- Arscott in 1981 (seated on the right)
- Born: 12 November 1922
- Died: 5 July 1996 (aged 73)
- Citizenship: British
- Scientific career
- Thesis: Ellipsoidal Harmonics and Ellipsoidal Wave Functions (1956)

= Felix Arscott =

British mathematician

Felix Medland Arscott (12 November 1922 – 5 July 1996) was a British mathematician who was a member of the Society for Industrial and Applied Mathematics from 1976. He was described by colleagues as a good friend and excellent teacher. Dr. Arscott was the founding head of the Applied Mathematics department at University of Manitoba from 1974 through 1986 and was named Professor Emeritus in 1995. Professor Arscott was described as an expert in the "higher special functions".
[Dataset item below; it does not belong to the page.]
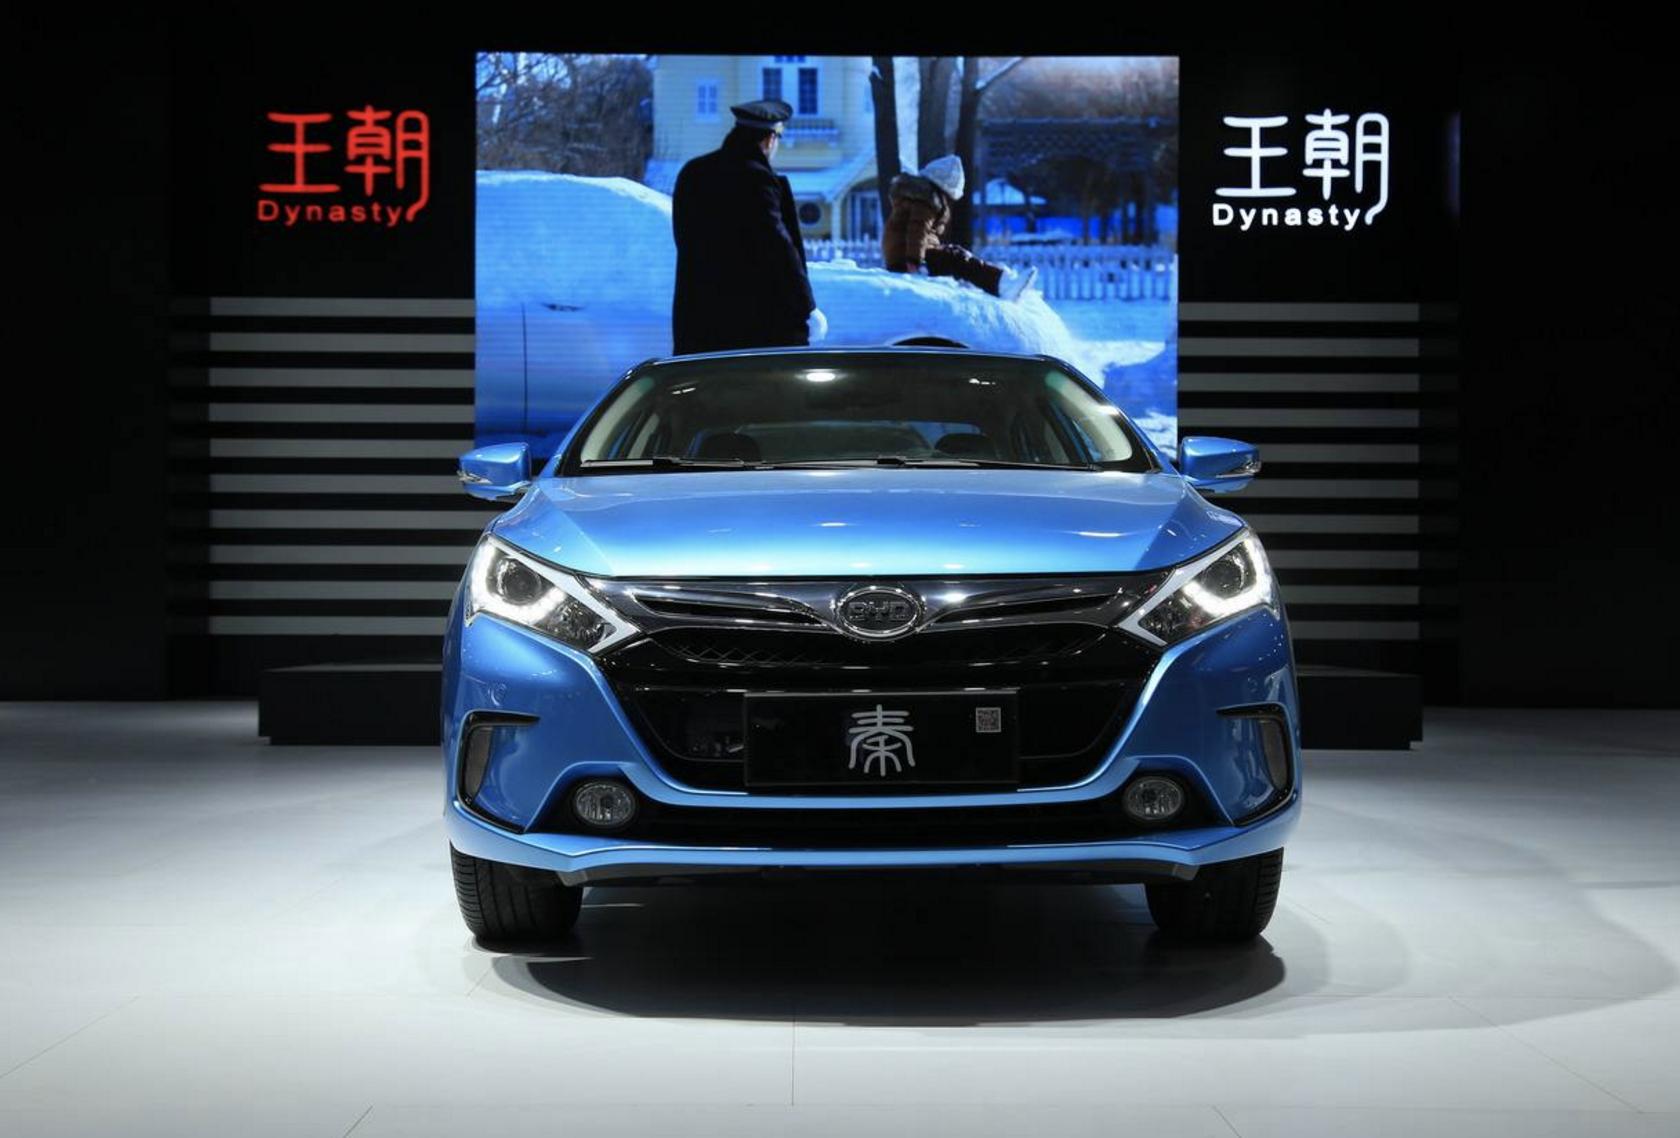 崔東樹︰2017年新能源汽車銷量預測70萬台

Felix Arscott was born in 1922 in Greenwich to Leonard Charles Arscott and Gladys Arscott (née Williams), with one sister Faith Muriel (1915–1987). He served in the Royal Air Force during the Second World War, becoming a commissioned officer. He obtained an honours degree in mathematics from the University of London by private study. After obtaining his M.Sc. in 1951, he left the UK to teach mathematics at Makerere University in Uganda. Arscott obtained his Ph.D. at the University of London in 1956 with the dissertation titled Ellipsoidal Harmonics and Ellipsoidal Wave Functions. He held positions at Aberdeen, Battersea College of Technology (later the University of Surrey), and the University of Reading. By 1972, he had supervised six Ph.D. theses, and published 22 papers. He was a founding Fellow of the Institute of Mathematics and its Applications.

==Selected publications==
- Table of Lamé polynomials, Pergamon Press, 1962 (with I. M. Khabaza)
- TWO-PARAMETER EIGENVALUE PROBLEMS IN DIFFERENTIAL EQUATIONS Mathematics Research Center, US Army, Technical Summary Report #350, December 1962
- "Periodic Differential Equations: An Introduction to Mathieu, Lamé, and Allied Functions, Pergamon (1964)
- FLOQUET THEORY FOR DOUBLY-PERIODIC DIFFERENTIAL EQUATIONS, F. M. Arscott and G. P. Wright, April 24, 1969
- translated O. Boruvka's Linear differential transformations of the second order, English Universities Press (1971)
- Introduction to applied mathematics (with Thomas G. Berry)
- Remedial mathematics for science and engineering,1983, (with Thomas G. Berry)
- Some Analytical Techniques for the Computation of Recessive Solutions on Linear Differential Equations 1987, University of Dundee Numerical Analysis Reports
- Heun's Differential Equations, Oxford University Press, 1995. (contributor)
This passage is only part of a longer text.